▶ [Exercise directions] Each line in the material below, starting at the one that contains "paddington-logo-banner.jpg" and ending at the one that contains "Sodanca Ch-02 Adult", should be repeated exactly; the pictures should not.

▶ [Data excerpts]
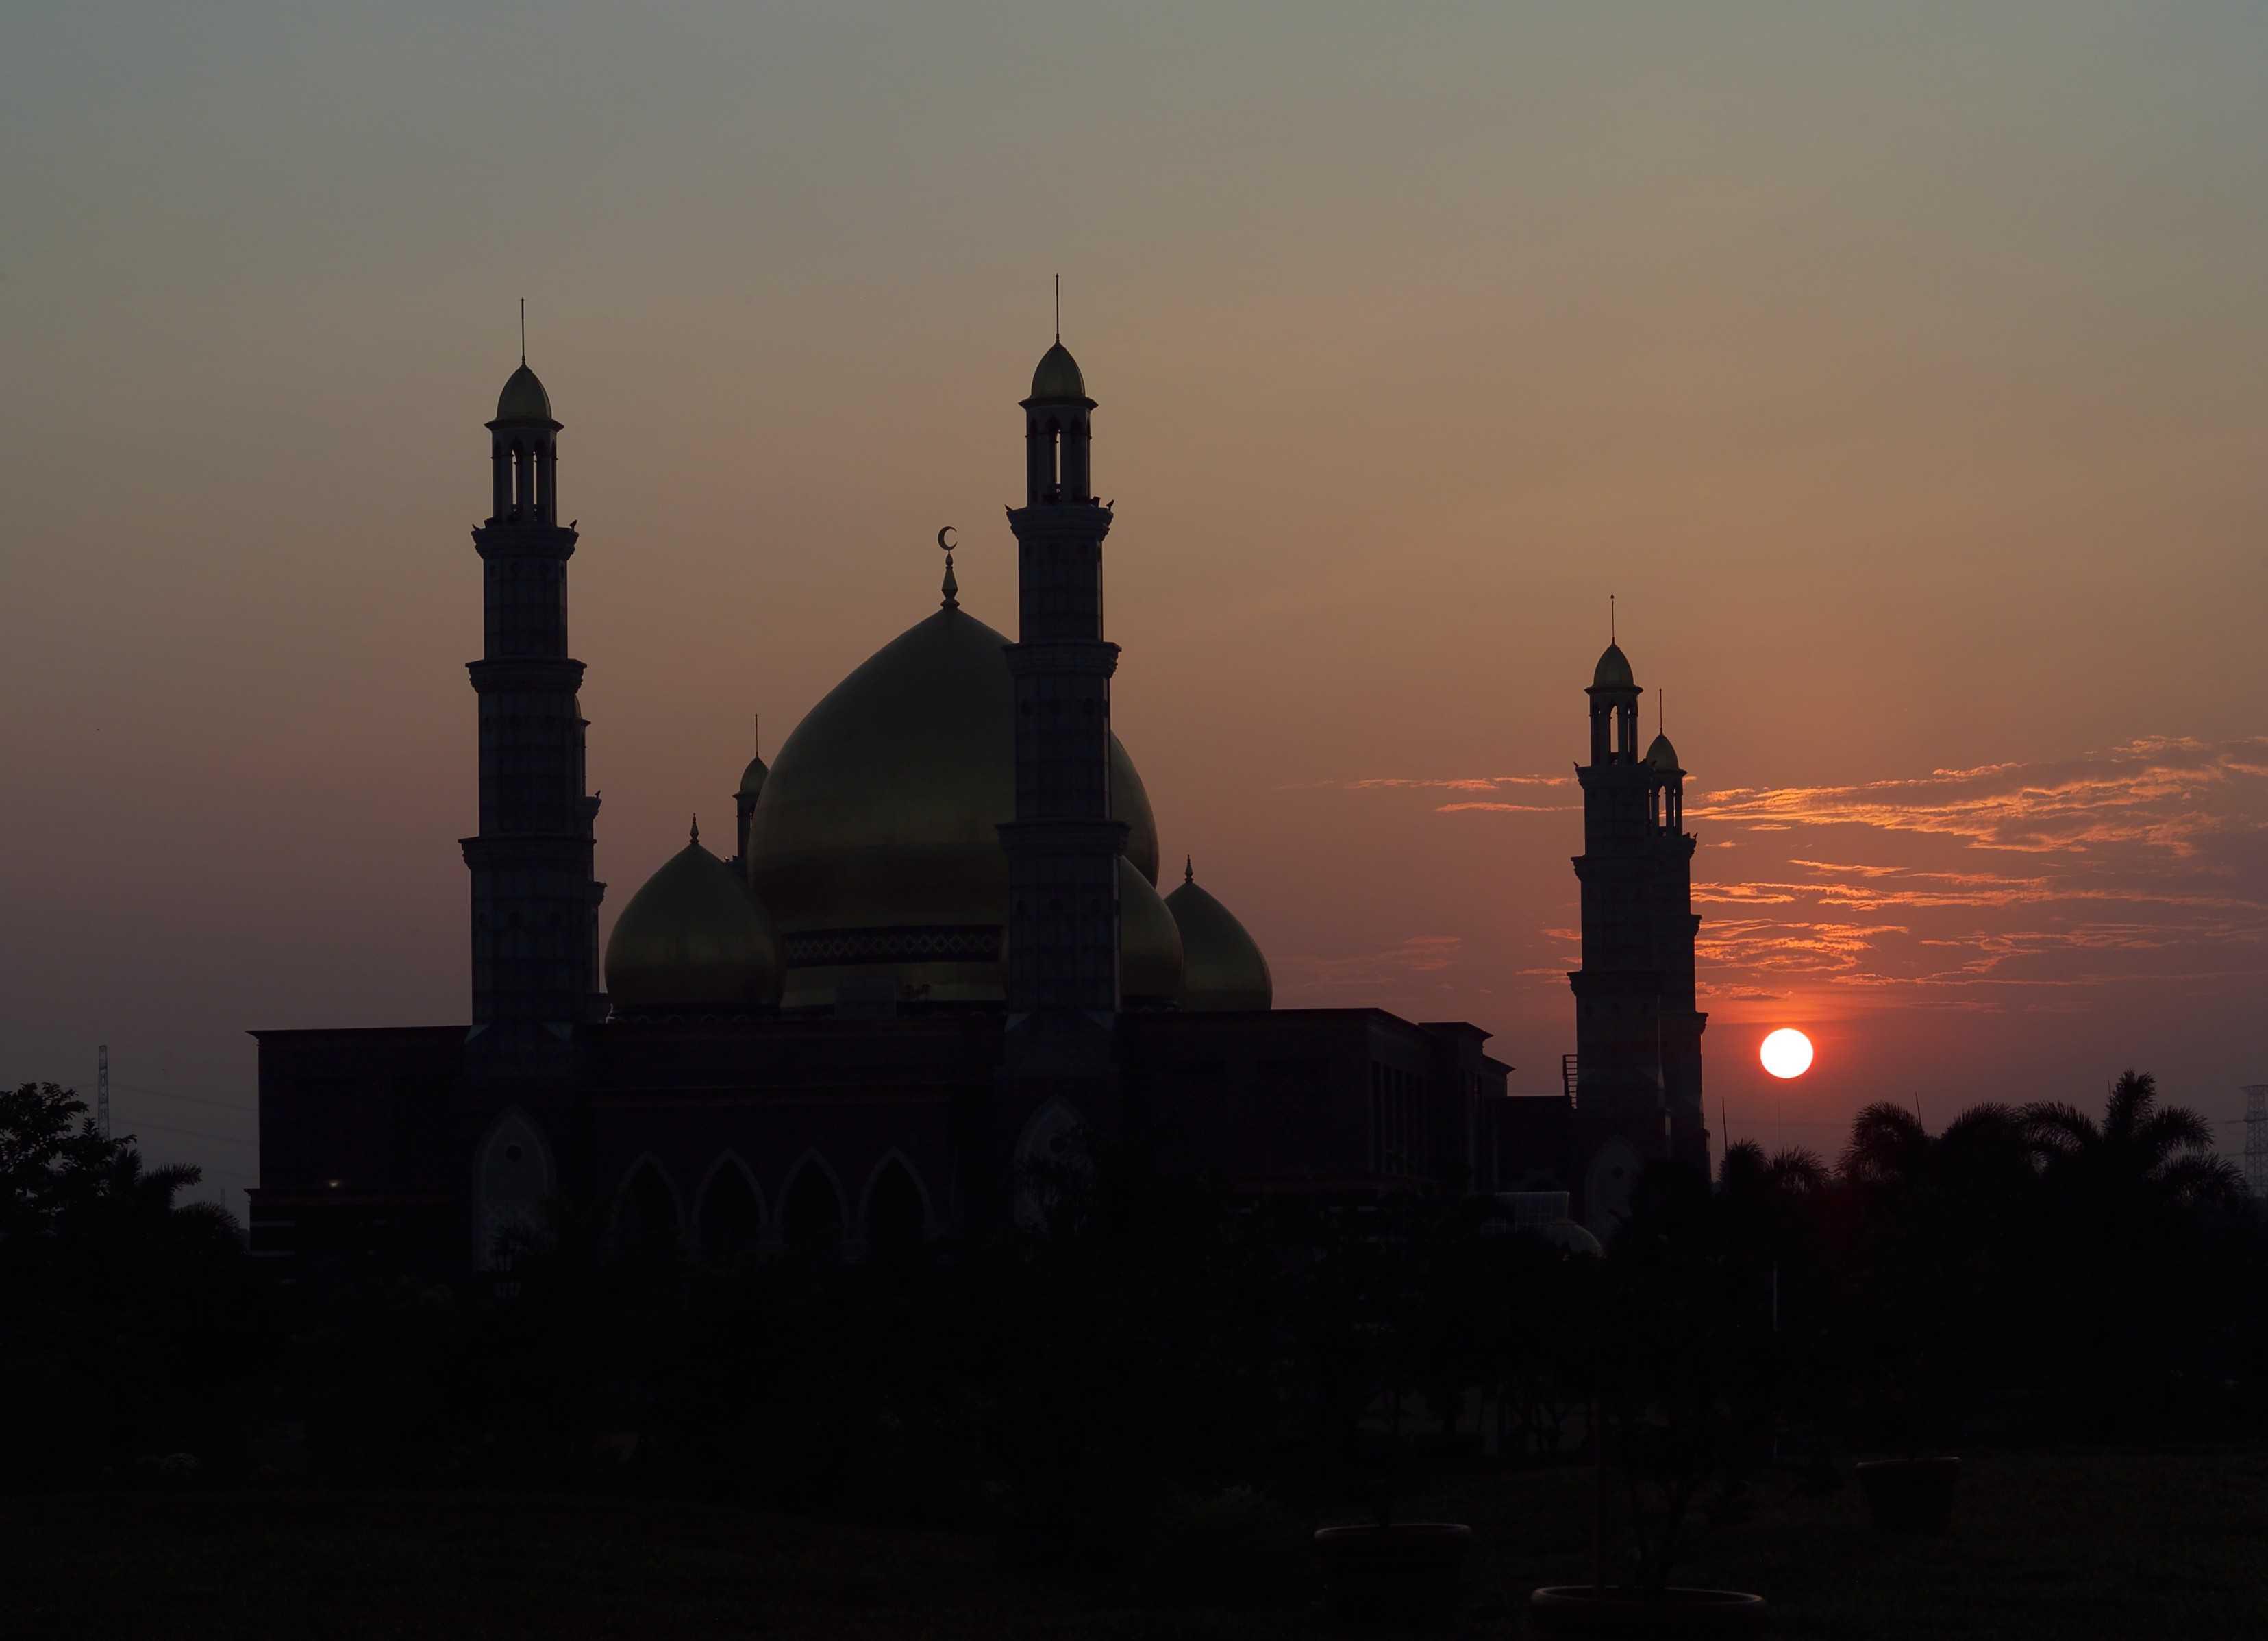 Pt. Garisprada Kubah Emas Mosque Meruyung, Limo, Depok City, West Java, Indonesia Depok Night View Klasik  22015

---

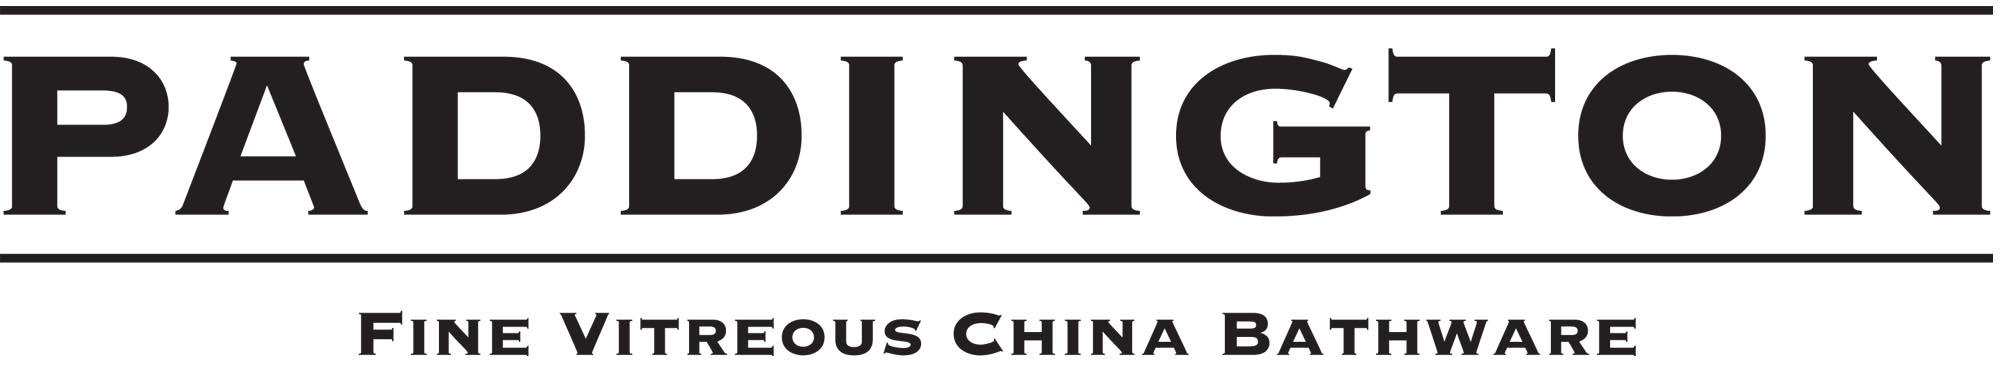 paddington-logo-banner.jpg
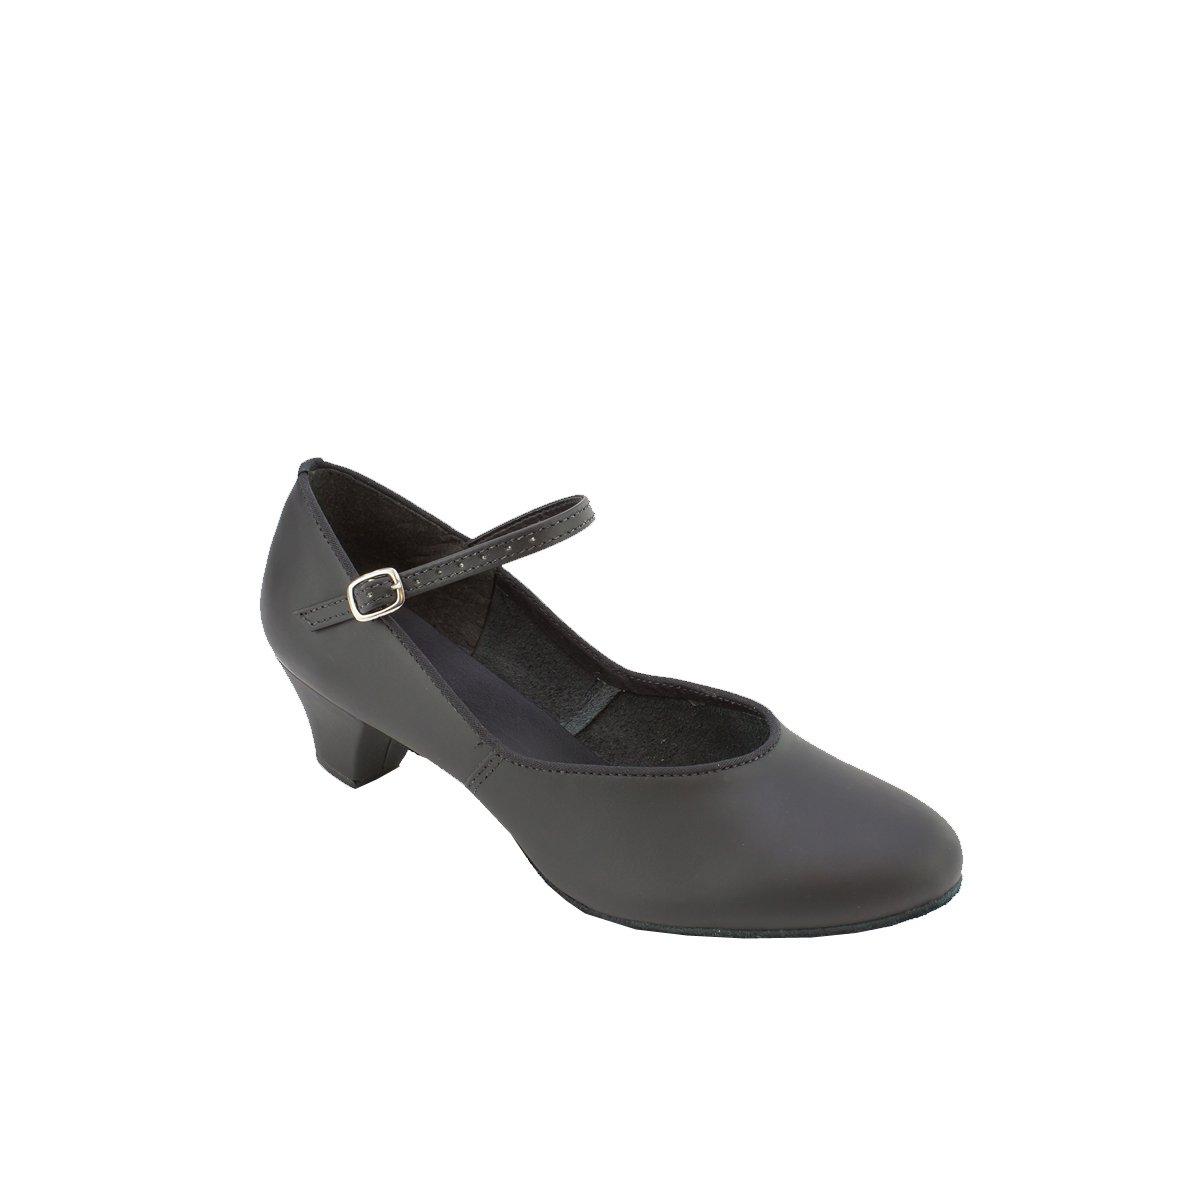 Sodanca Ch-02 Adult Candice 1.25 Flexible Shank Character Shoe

▶ [Written response]
 paddington-logo-banner.jpg
 Sodanca Ch-02 Adult Candice 1.25 Flexible Shank Character Shoe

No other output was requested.